» **Assignment**:
Write out the data that follows exactly, keeping every picture out.

» **Data below**:
_ _ _ _
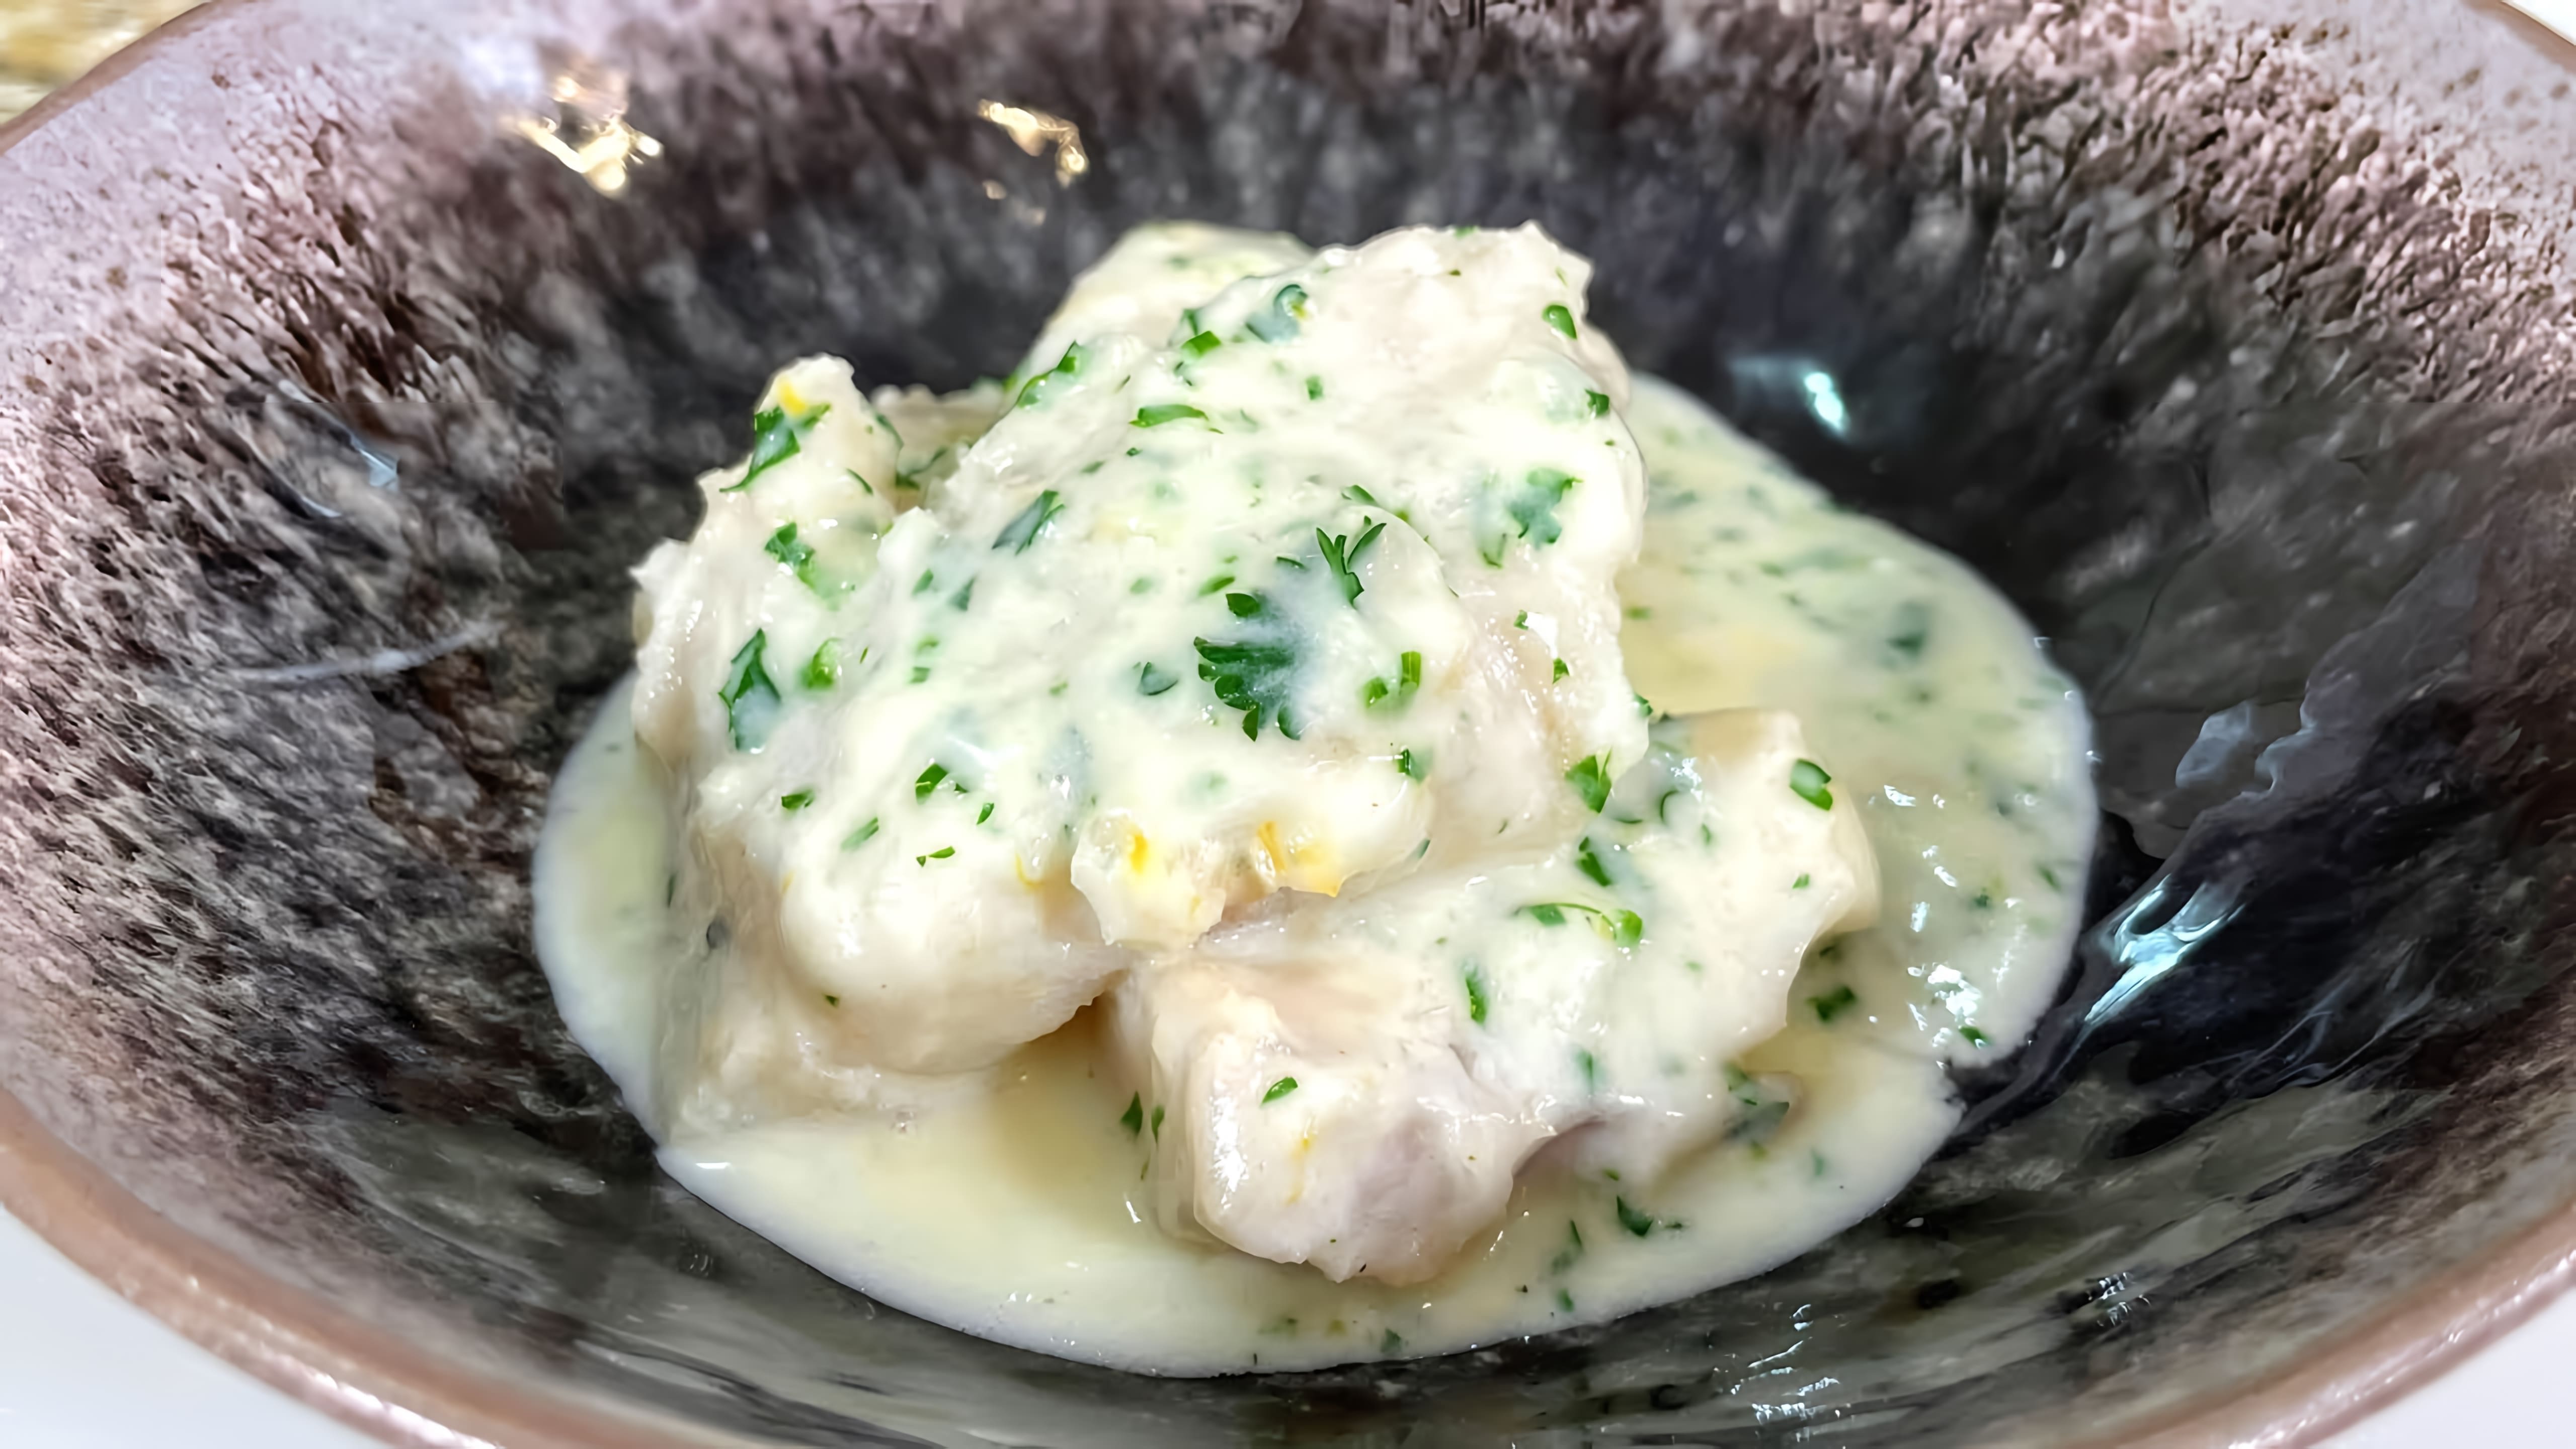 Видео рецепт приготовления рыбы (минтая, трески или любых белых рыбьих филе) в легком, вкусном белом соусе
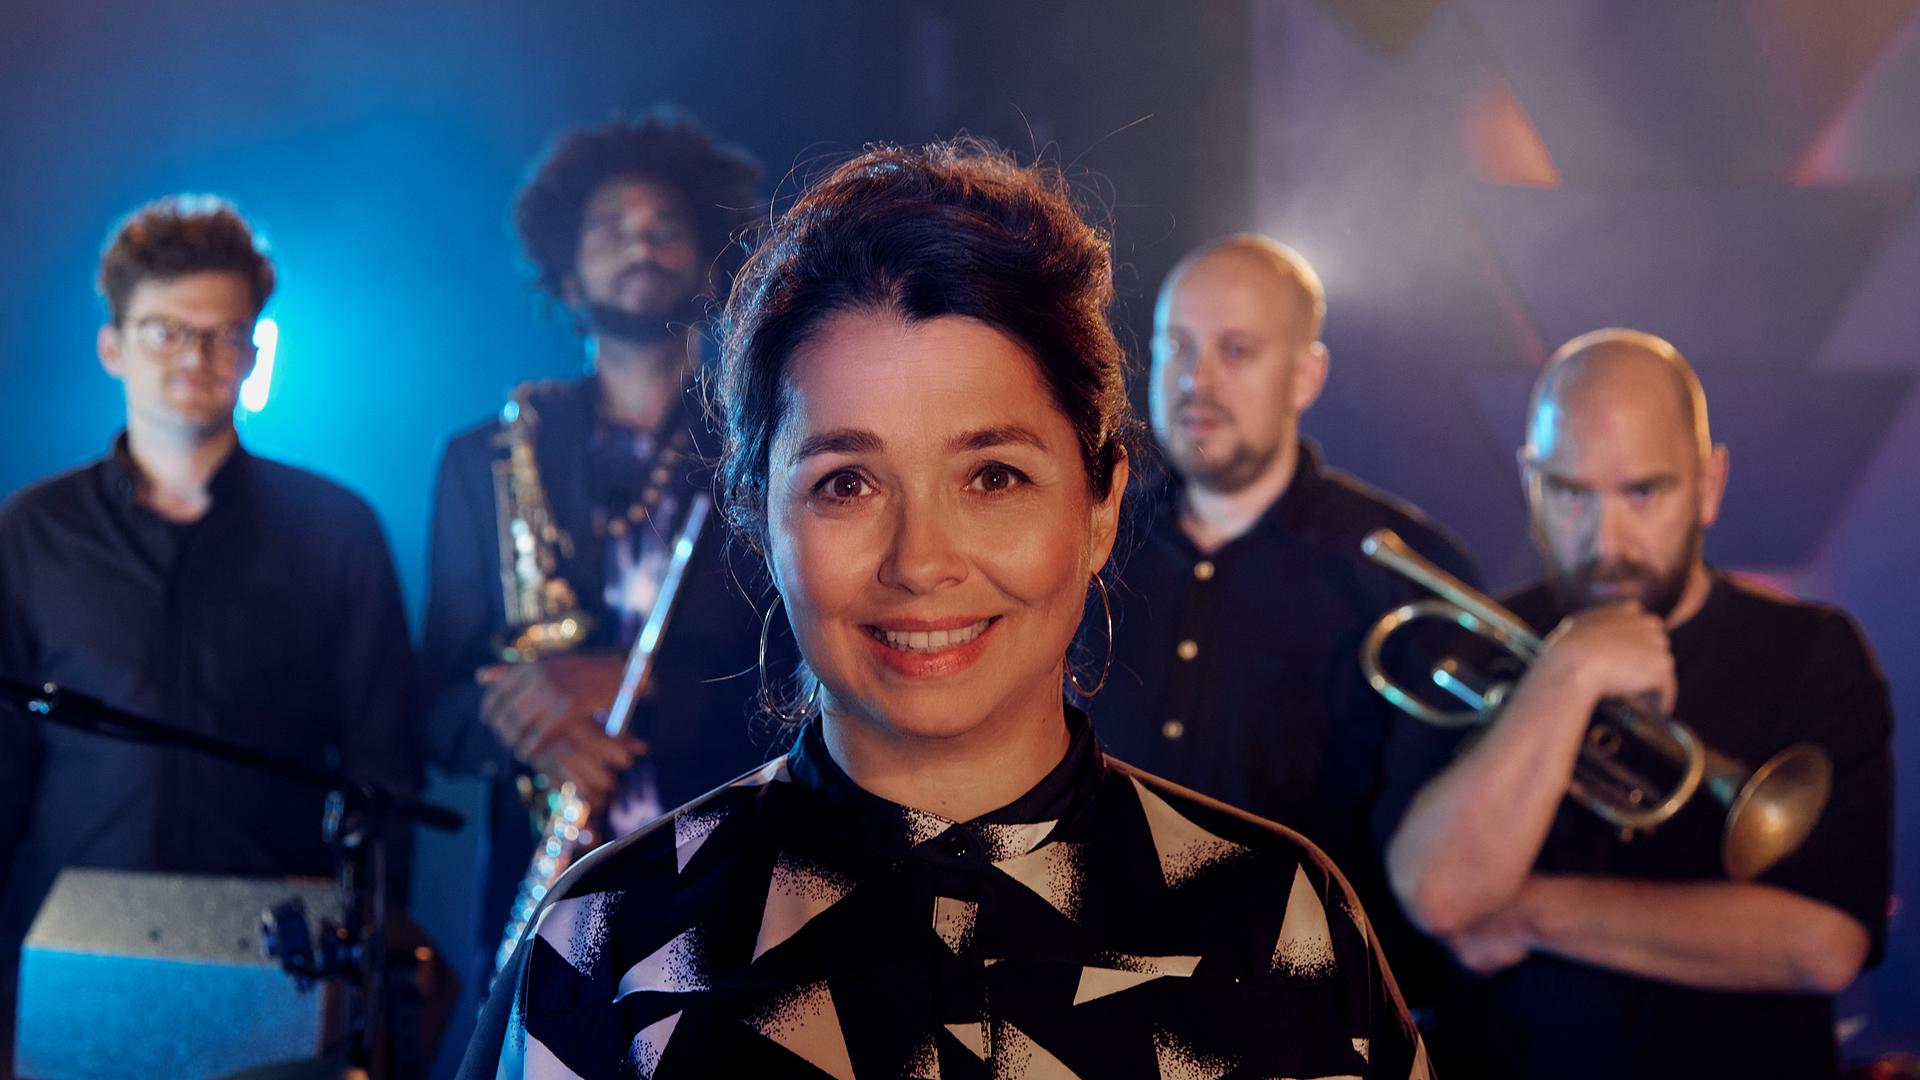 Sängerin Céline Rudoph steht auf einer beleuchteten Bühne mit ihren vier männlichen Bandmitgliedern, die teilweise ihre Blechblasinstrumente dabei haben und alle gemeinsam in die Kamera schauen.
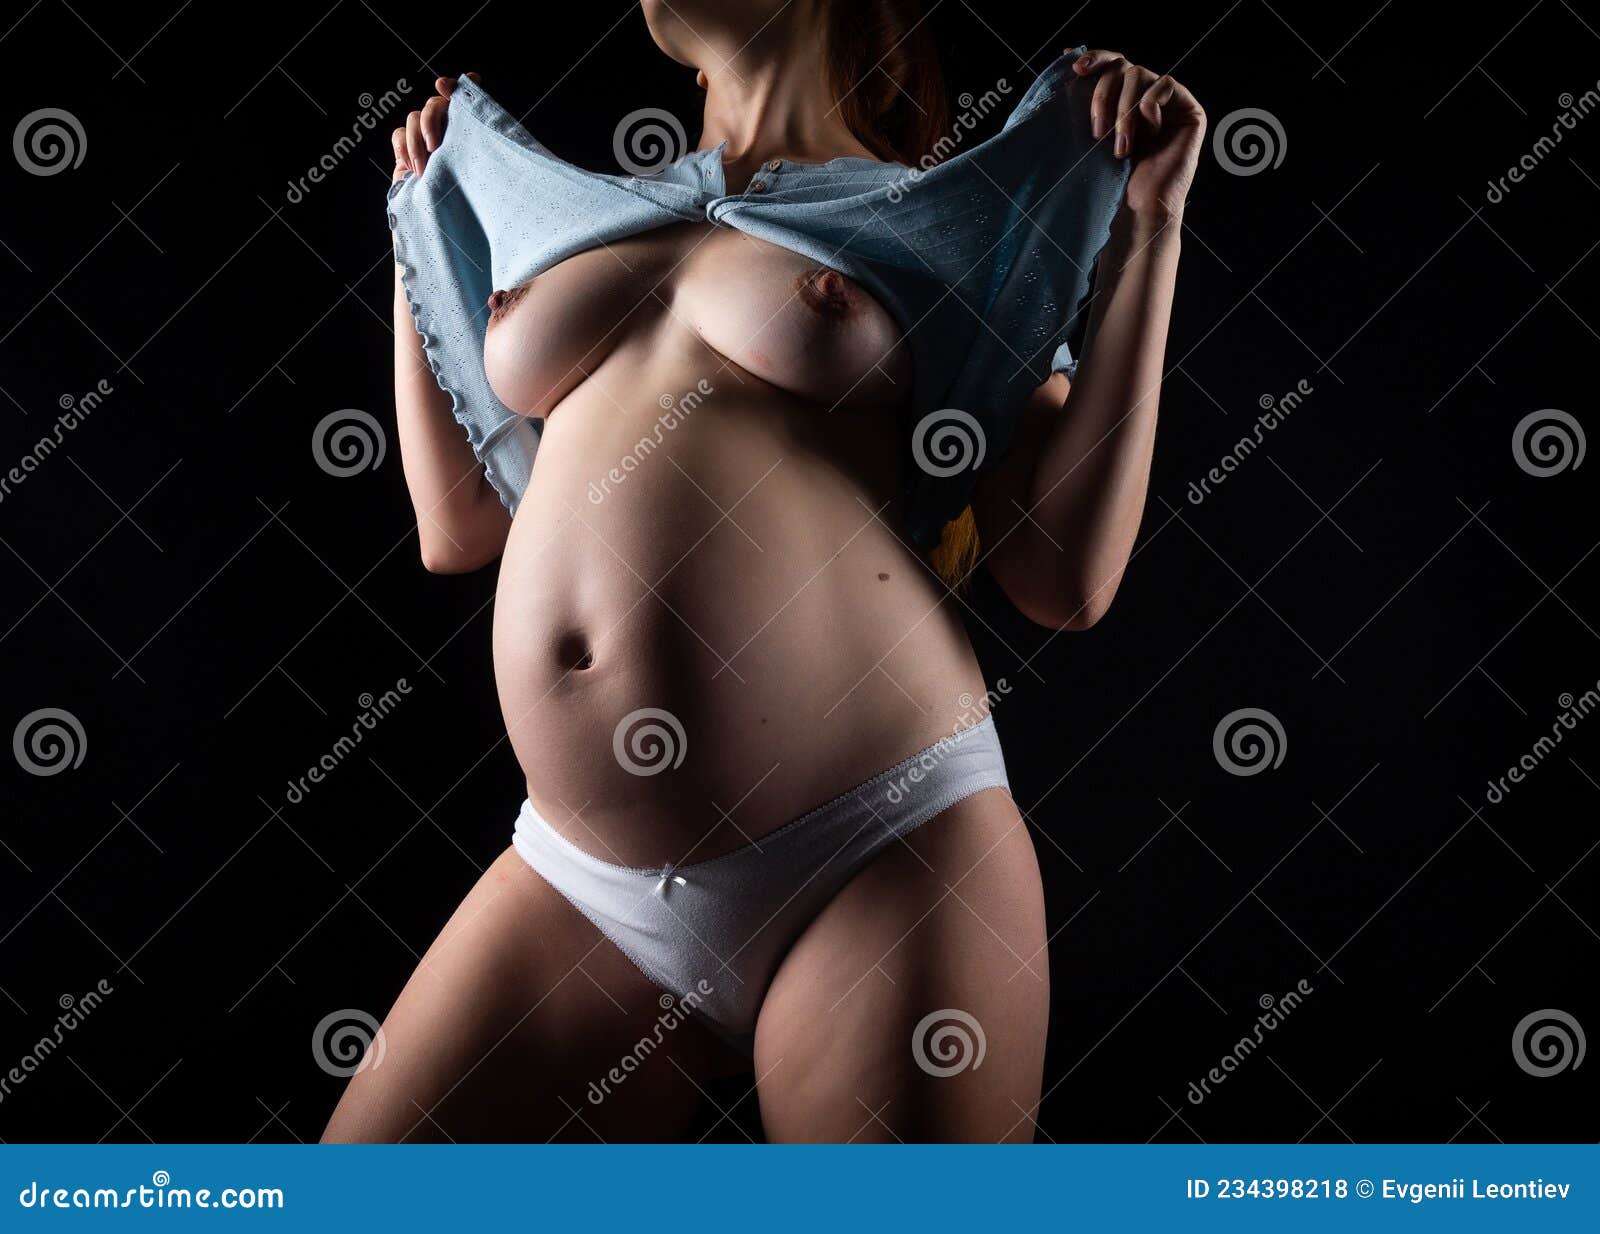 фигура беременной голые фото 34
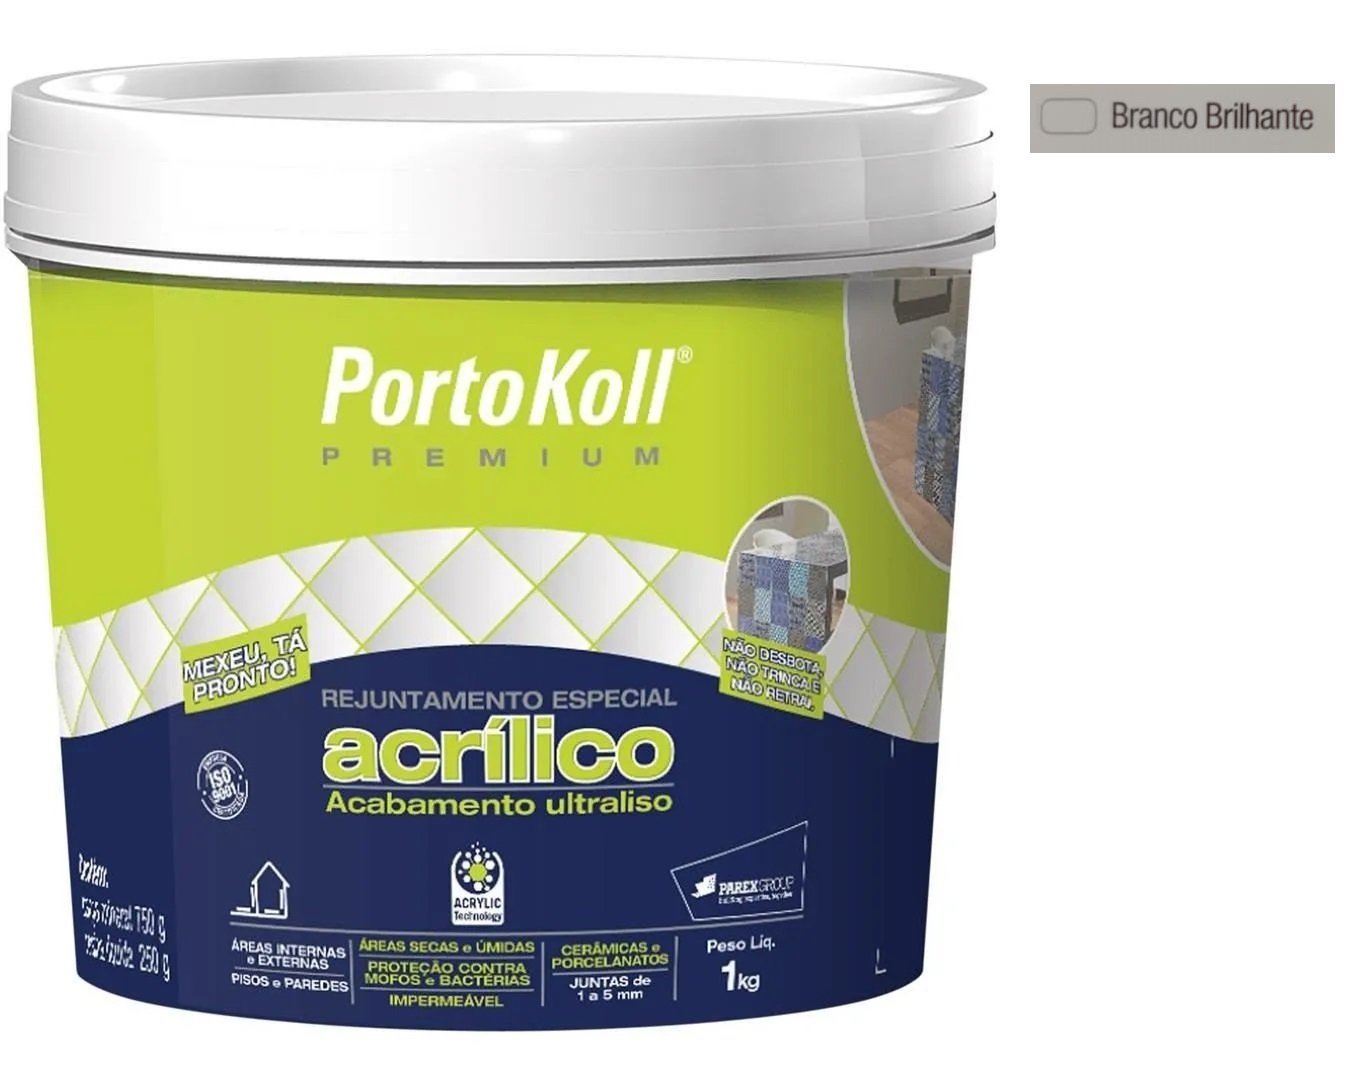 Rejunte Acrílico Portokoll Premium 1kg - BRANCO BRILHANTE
_ _ _ _
» **Answer section**:
 Видео рецепт приготовления рыбы (минтая, трески или любых белых рыбьих филе) в легком, вкусном белом соусе
 Sängerin Céline Rudoph steht auf einer beleuchteten Bühne mit ihren vier männlichen Bandmitgliedern, die teilweise ihre Blechblasinstrumente dabei haben und alle gemeinsam in die Kamera schauen.
 фигура беременной голые фото 34
 Rejunte Acrílico Portokoll Premium 1kg - BRANCO BRILHANTE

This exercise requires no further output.